▸ **PROMPT**:
Print the listing below exactly, images excluded.

DATA Block Start

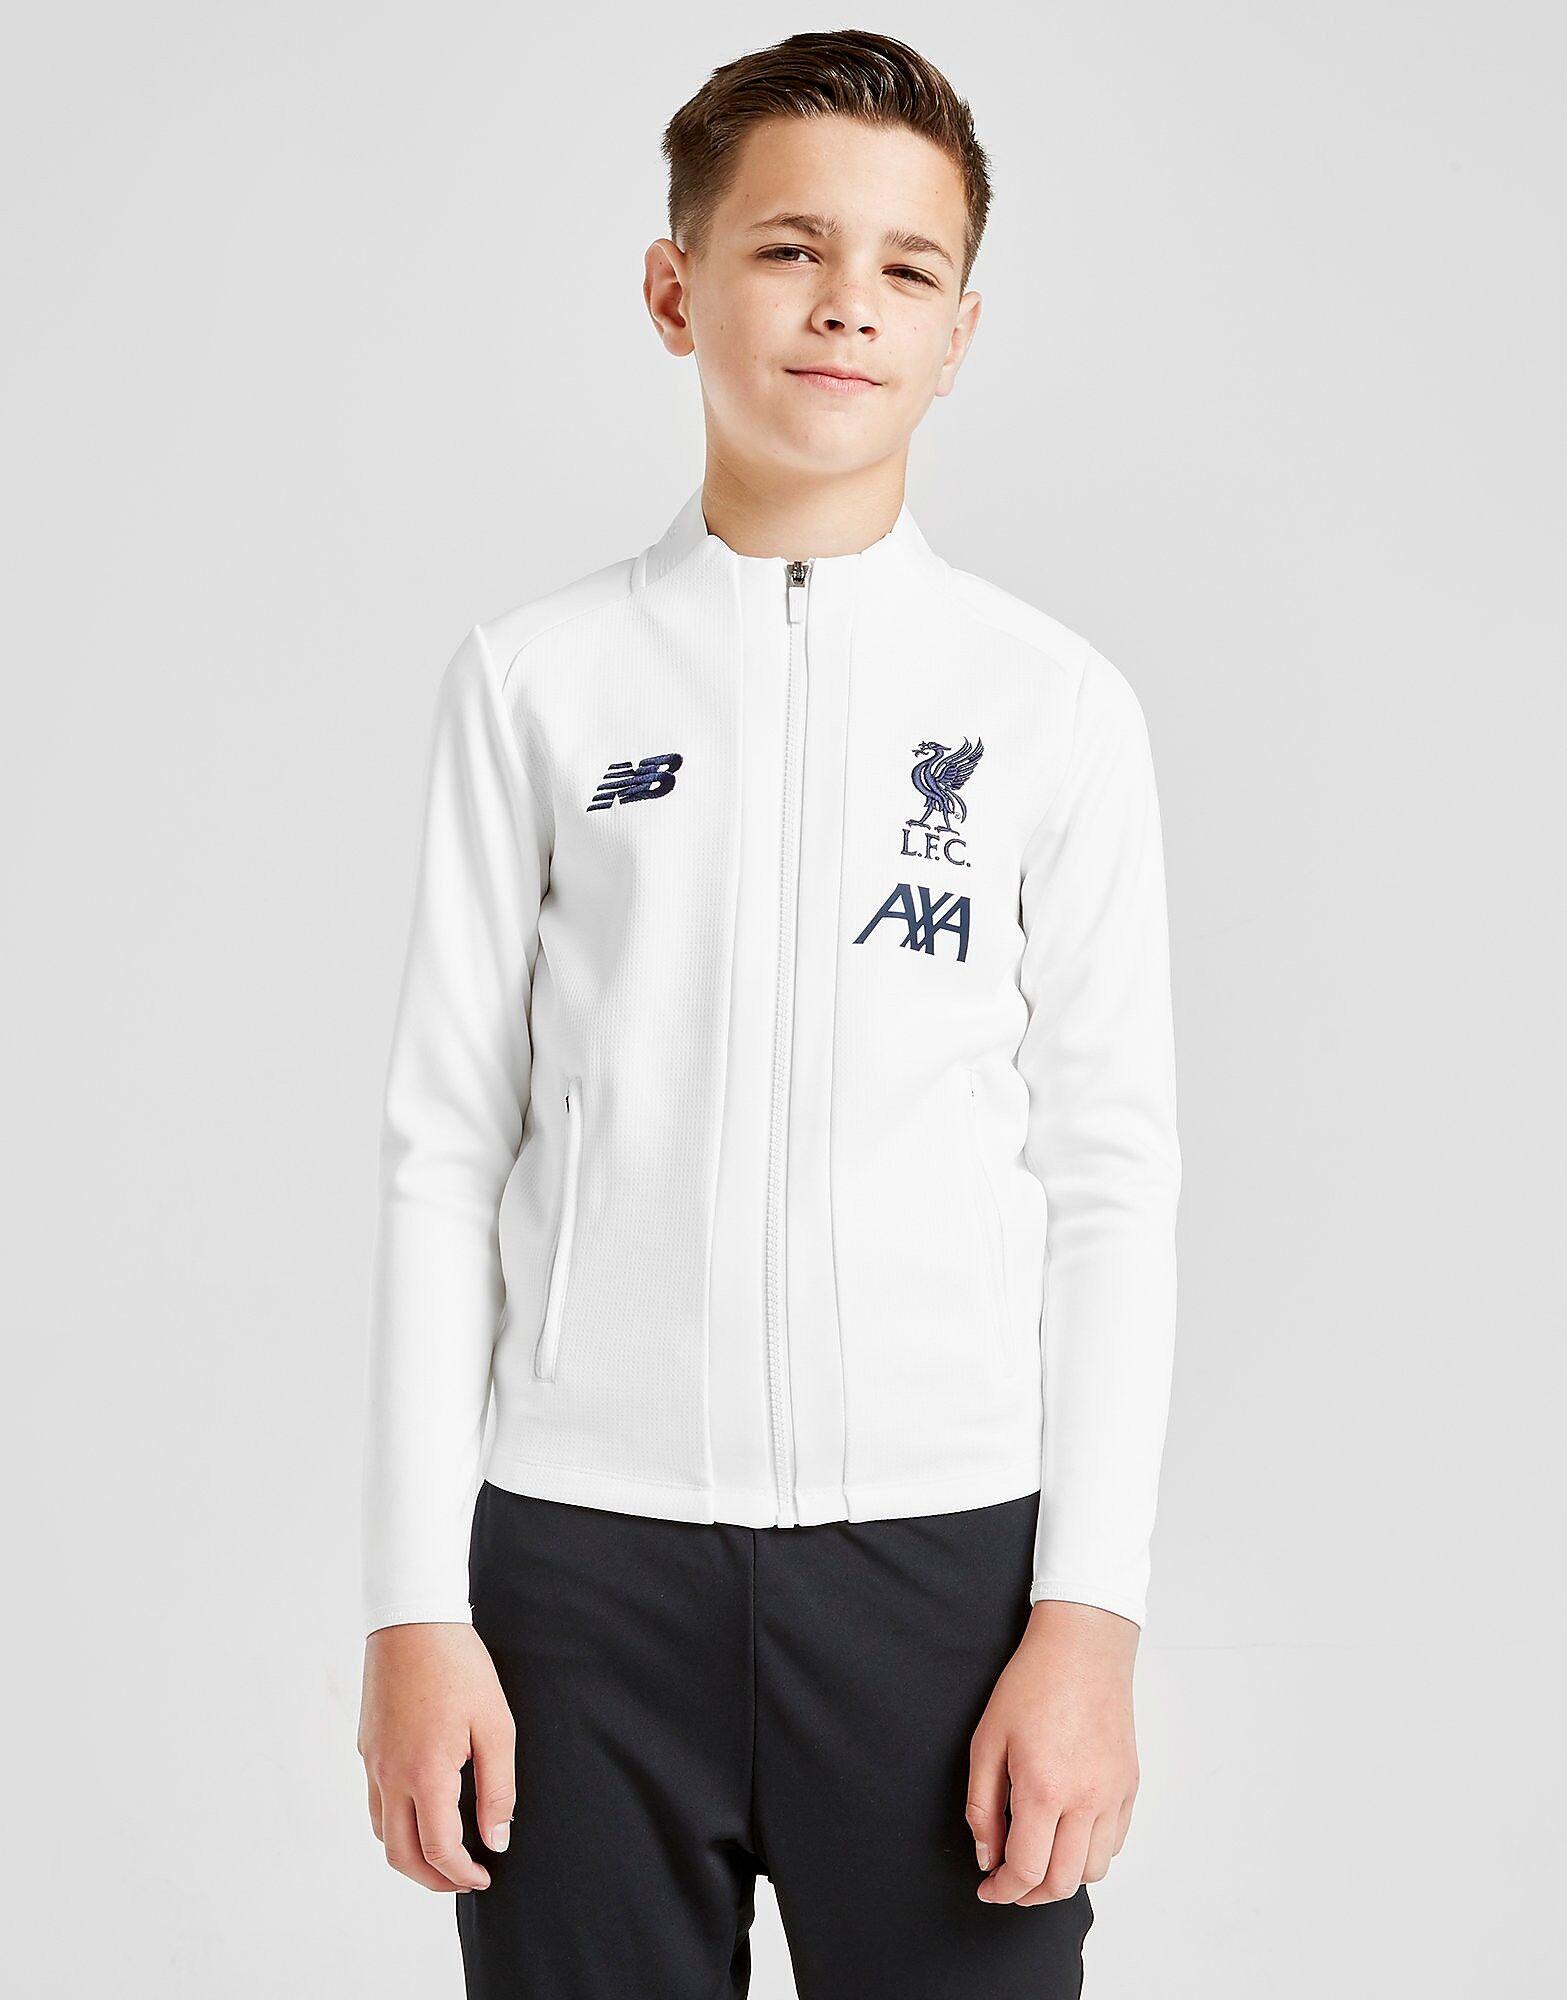 Image of New Balance Liverpool FC Takki Juniorit - Kids, Valkoinen
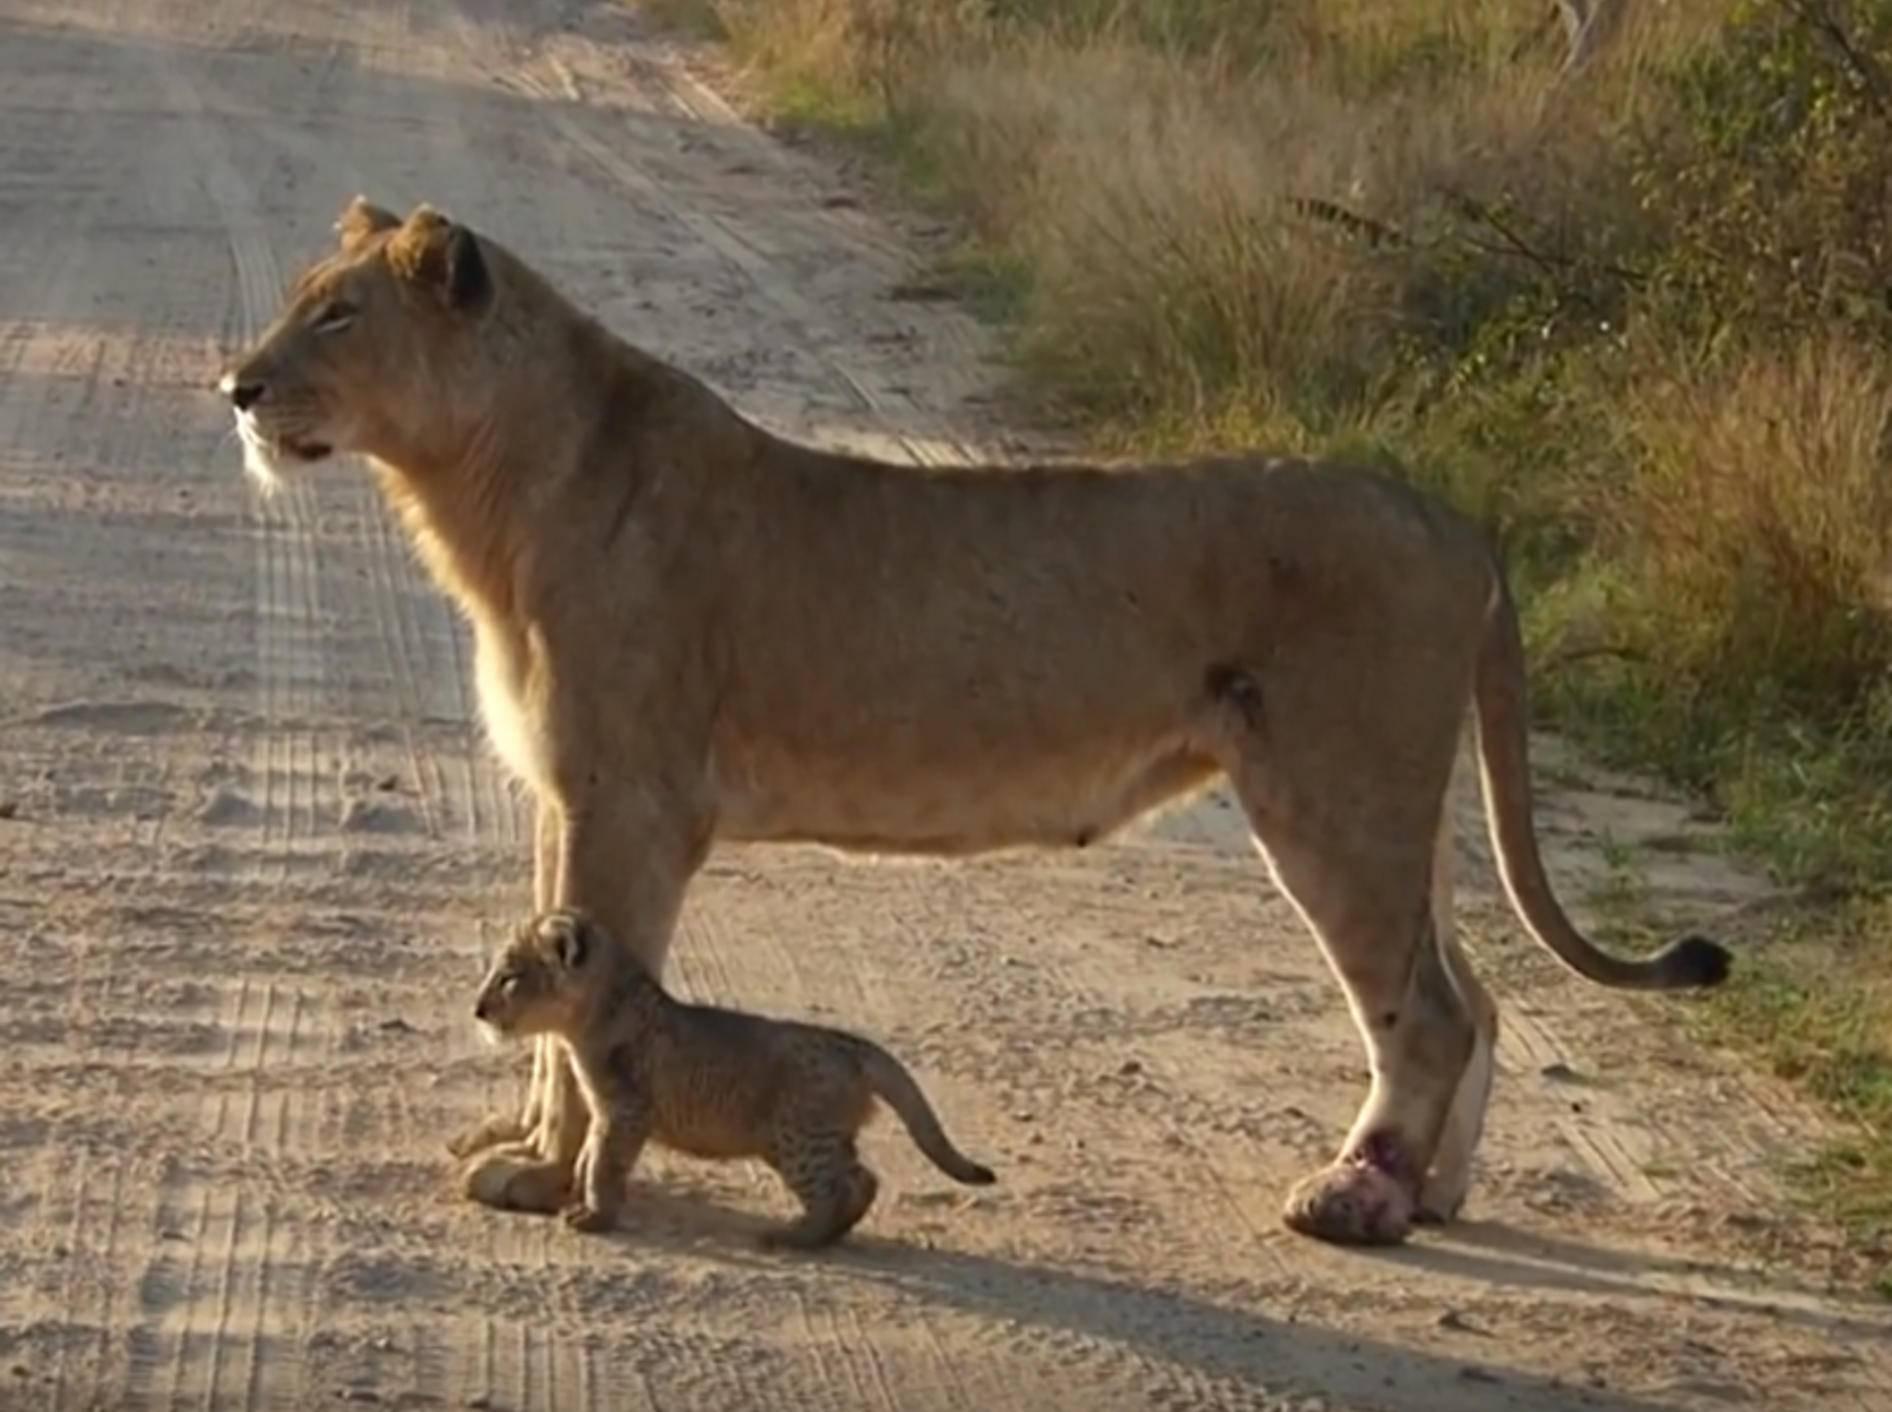 Löwenmutter mit Löwenbaby: Der Kleine muss das Brüllen noch üben – YouTube / Kruger National Park
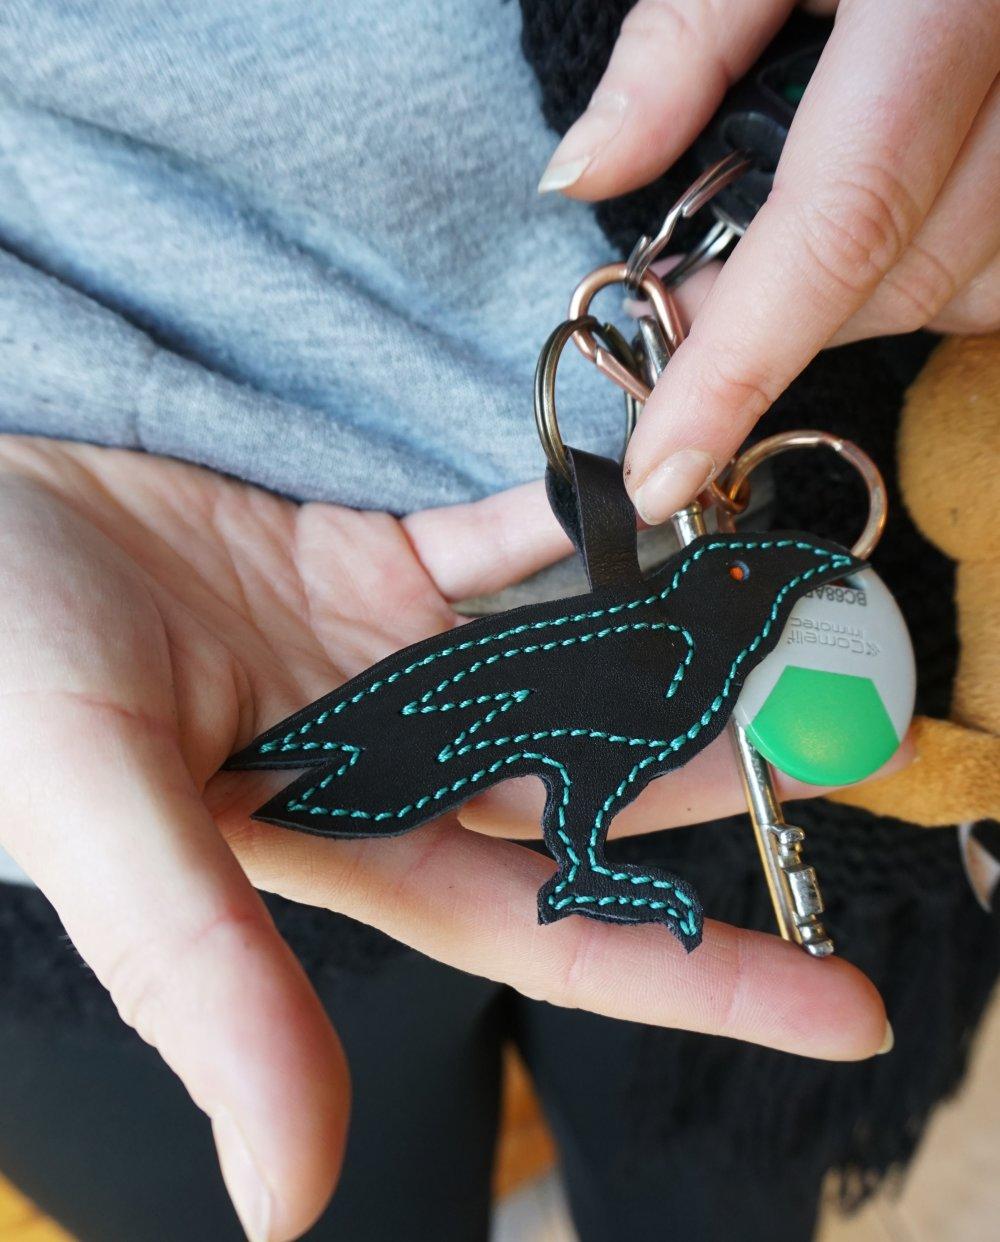 Bijou de sac corbeau noir ; Bijou de sac ; Porte clé huginn en cuir ; accessoire de sac  ; idée cadeau corbeau ; 20.03

DATA Block End

▸ **EXERCISE RESPONSE**:
 Image of New Balance Liverpool FC Takki Juniorit - Kids, Valkoinen
 Löwenmutter mit Löwenbaby: Der Kleine muss das Brüllen noch üben – YouTube / Kruger National Park
 Bijou de sac corbeau noir ; Bijou de sac ; Porte clé huginn en cuir ; accessoire de sac  ; idée cadeau corbeau ; 20.03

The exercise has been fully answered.